— Input data —
- - -

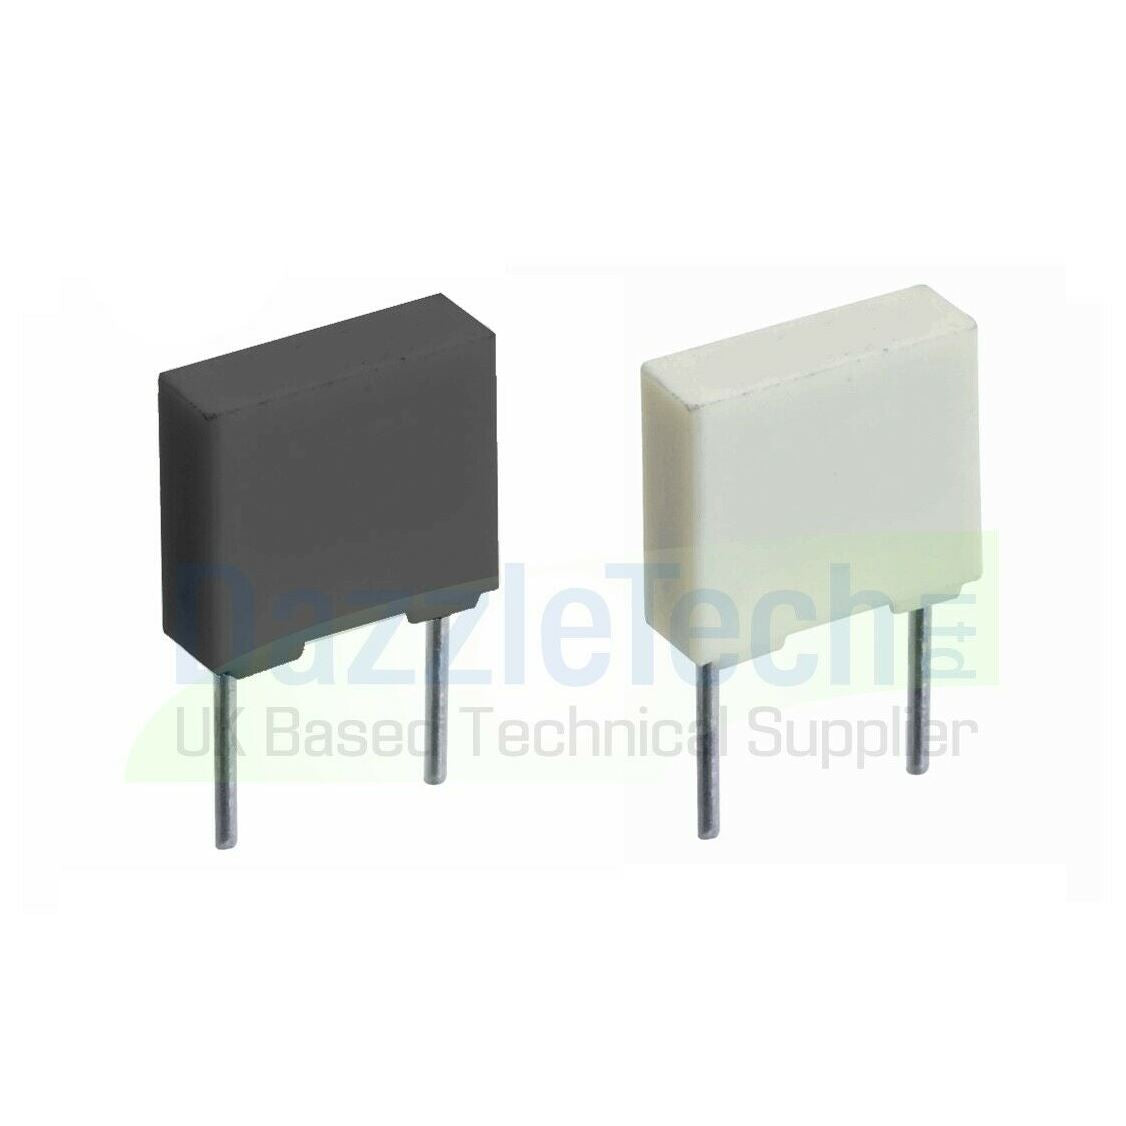 100 x Polyester Film Poly Box Capacitor Miniature R82
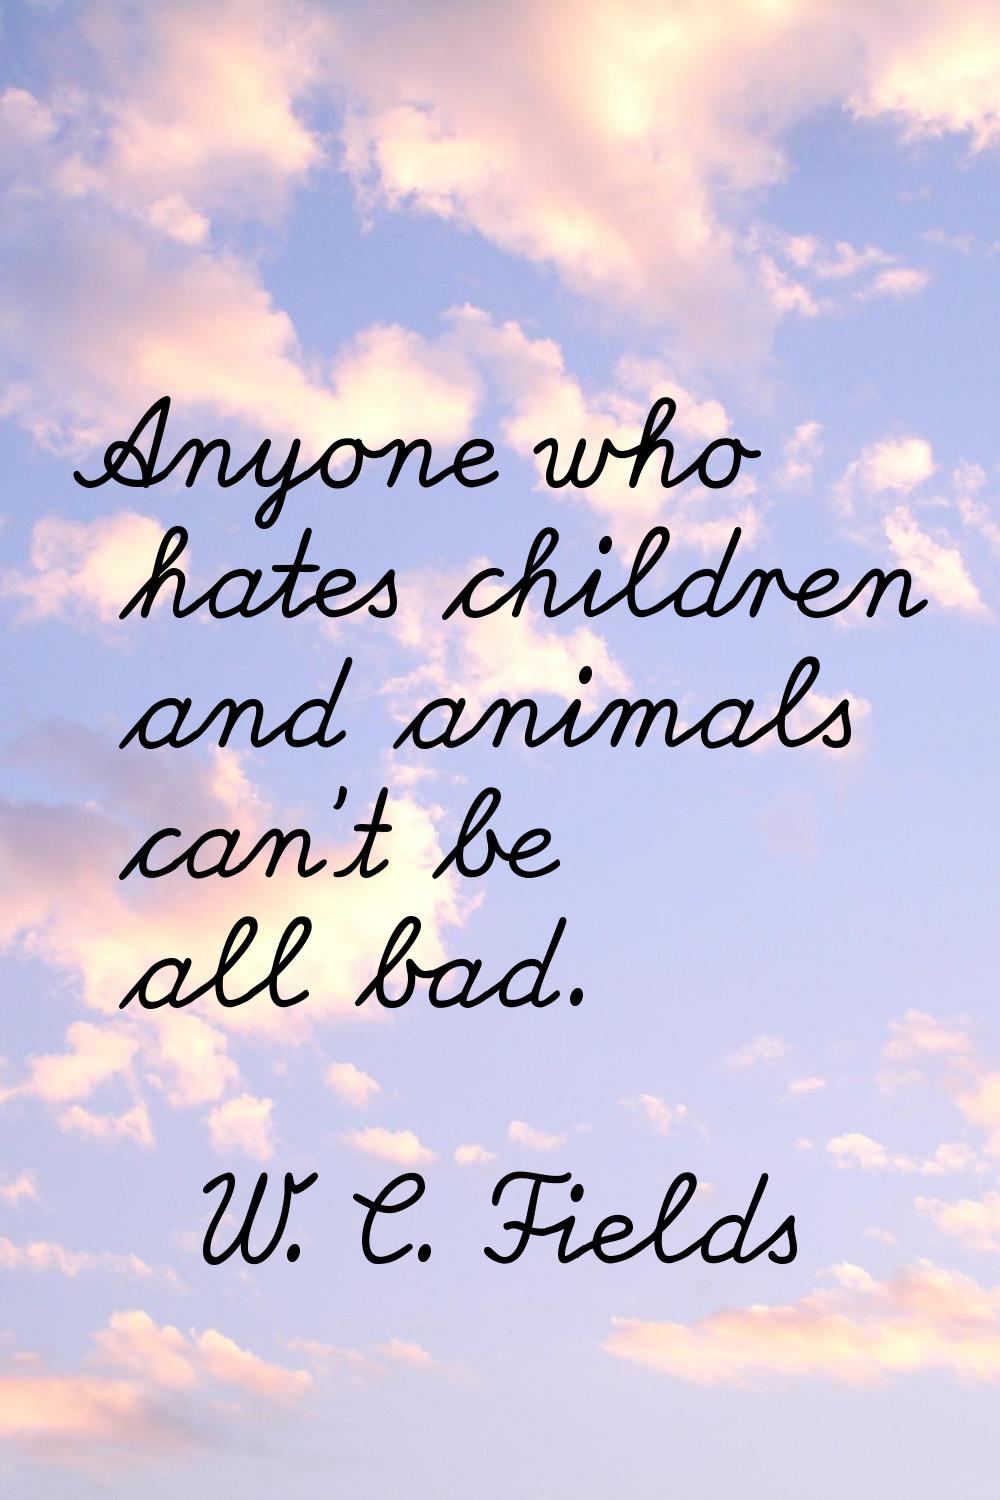 Anyone who hates children and animals can't be all bad.
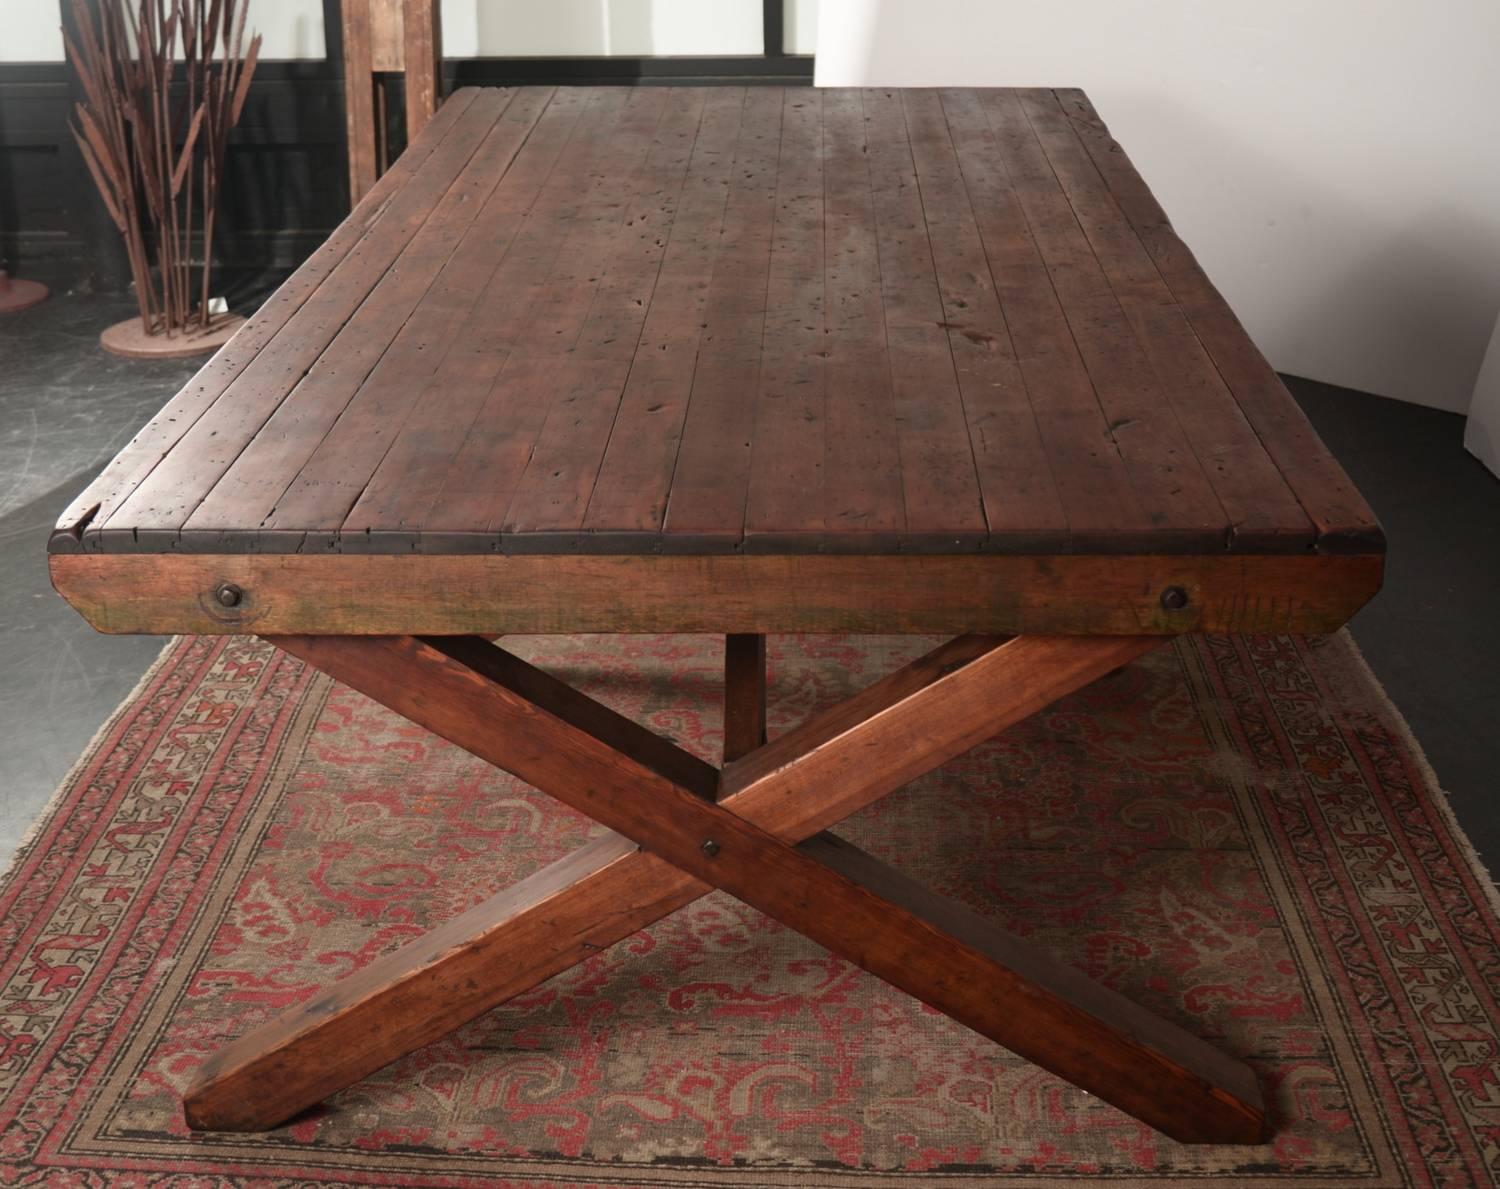 Simple clean lines define this Classic heavy duty Douglas fir early century dining hall table. The X brace leg design allows for excellent chair clearance while maintaining excellent stability.
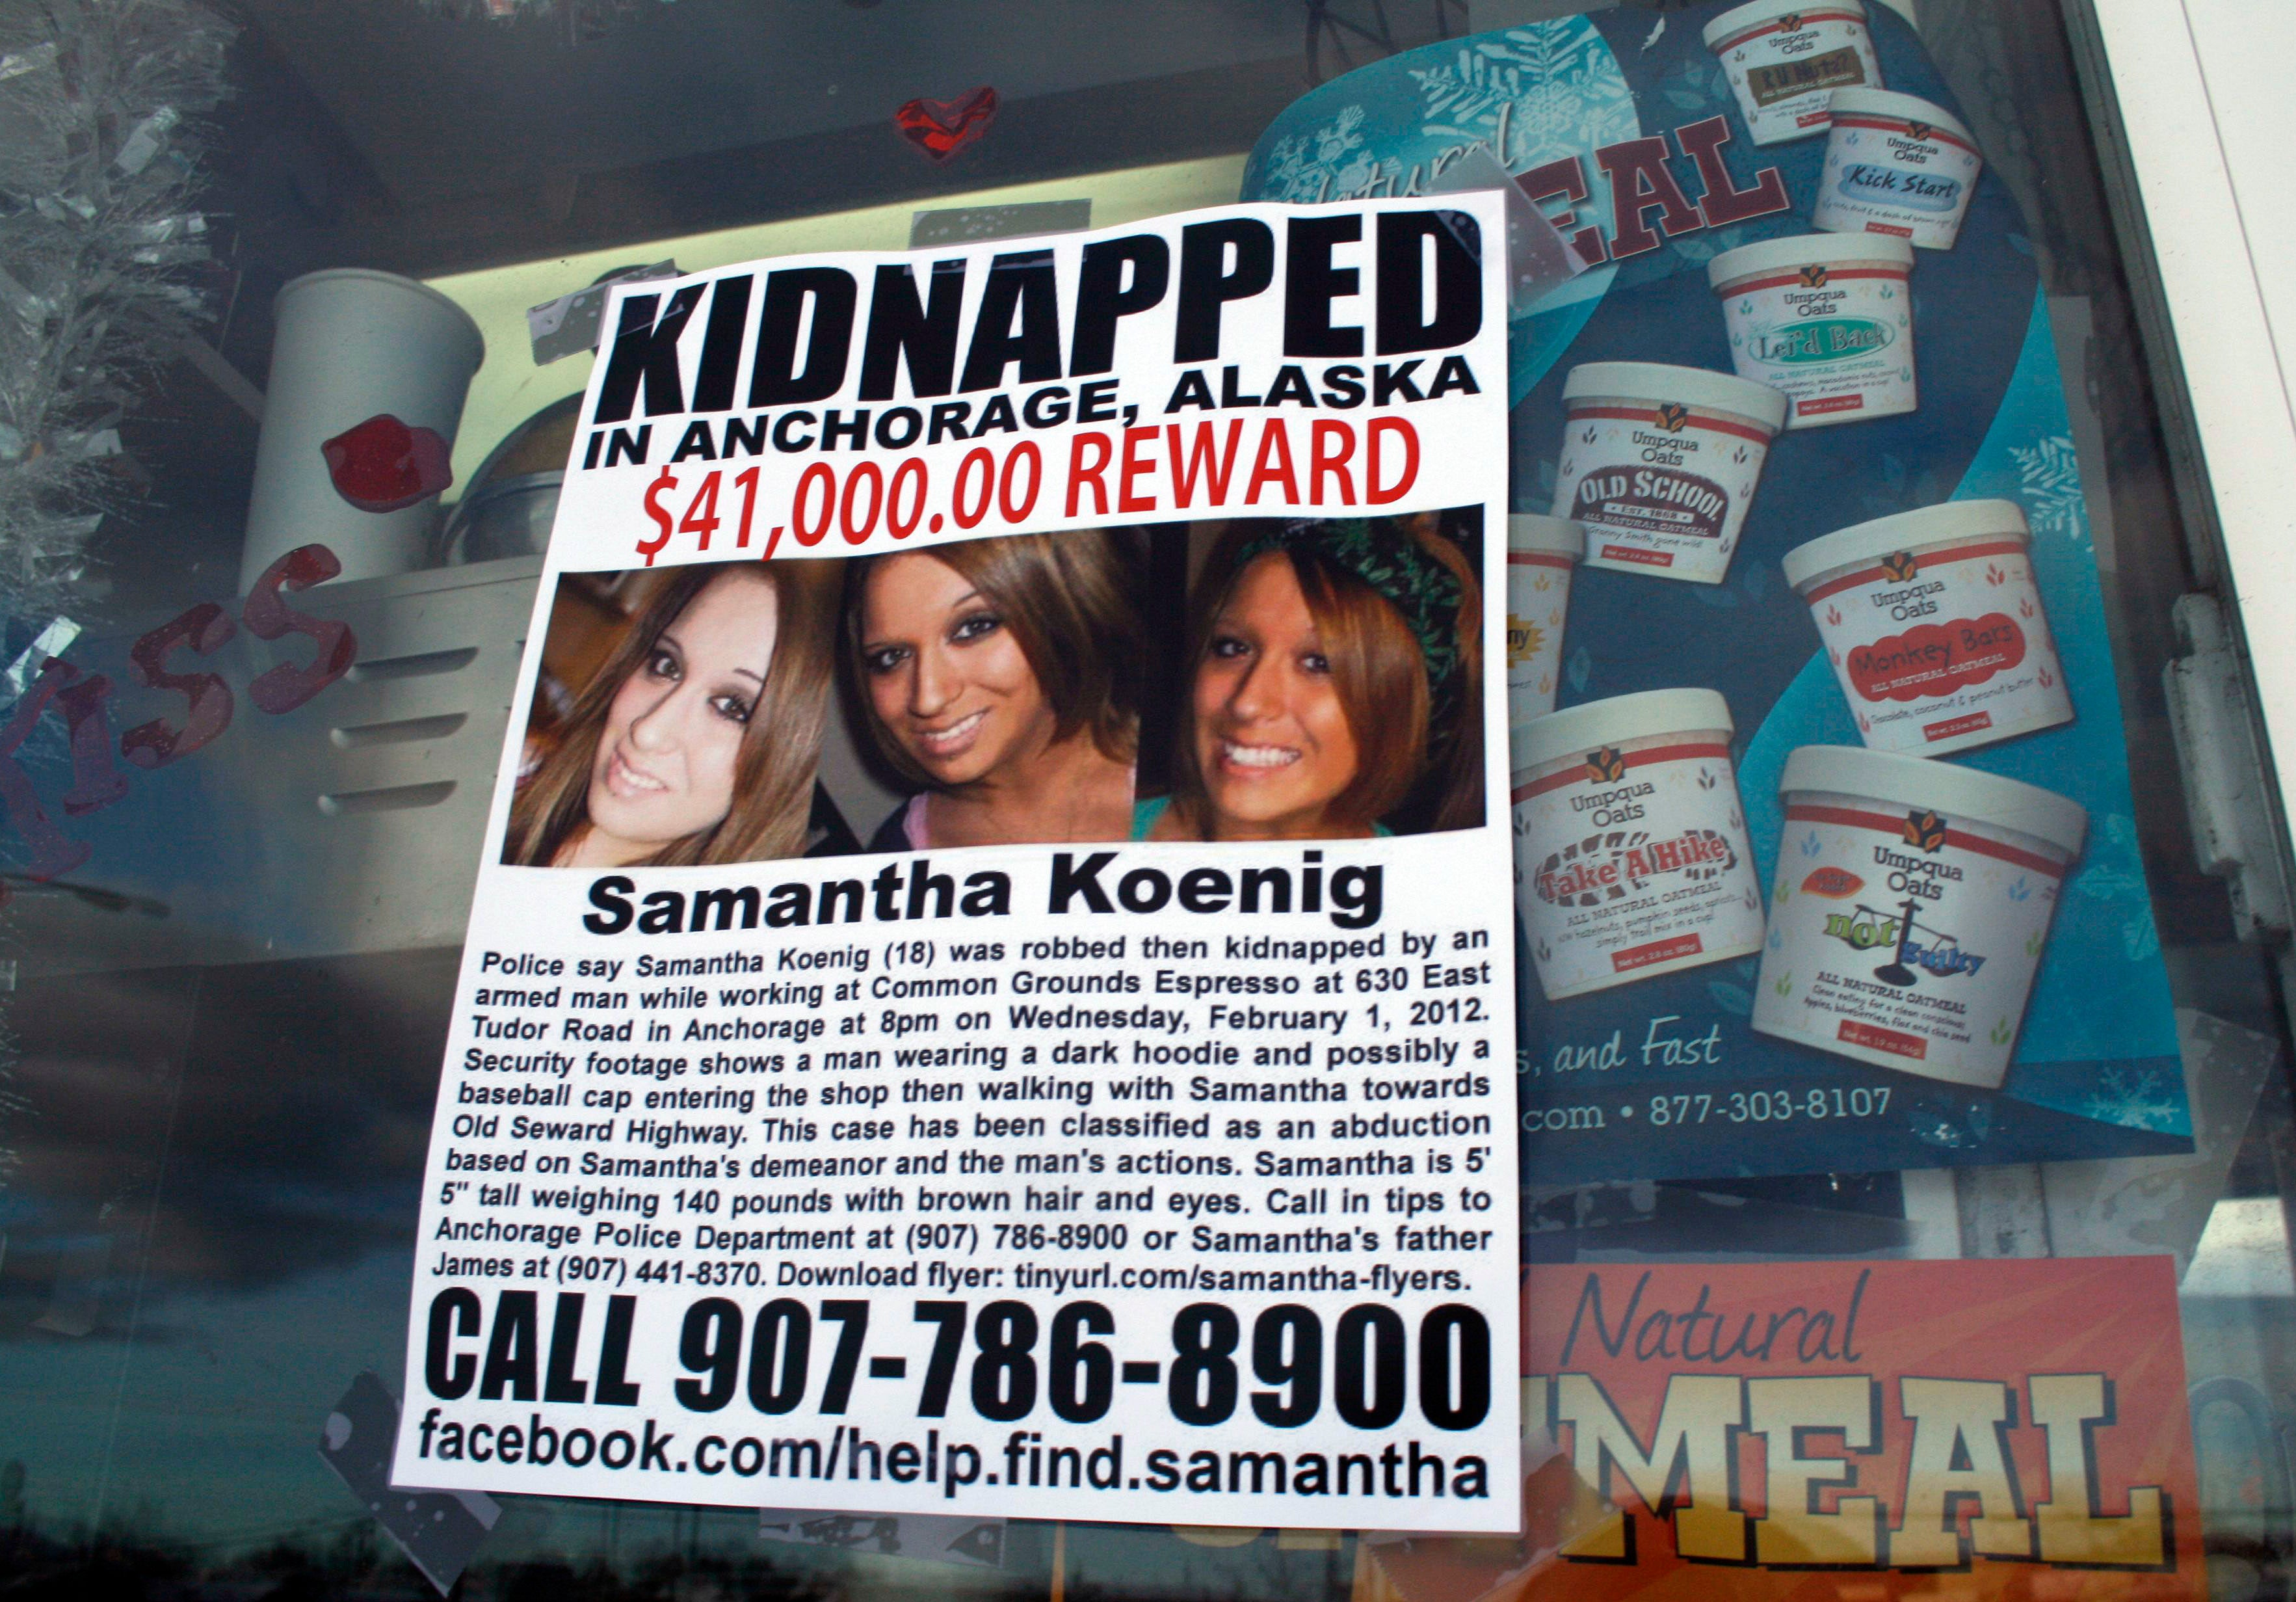 A missing person poster for Samantha Koenig is displayed on the window of the coffee shop from which Keyes abducted her in Alaska

- - -

— Task to complete —
In your copy, include no pictures; print every line above exactly.

— Solution —
 100 x Polyester Film Poly Box Capacitor Miniature R82
 Anyone who hates children and animals can't be all bad.
 Simple clean lines define this Classic heavy duty Douglas fir early century dining hall table. The X brace leg design allows for excellent chair clearance while maintaining excellent stability.
 A missing person poster for Samantha Koenig is displayed on the window of the coffee shop from which Keyes abducted her in Alaska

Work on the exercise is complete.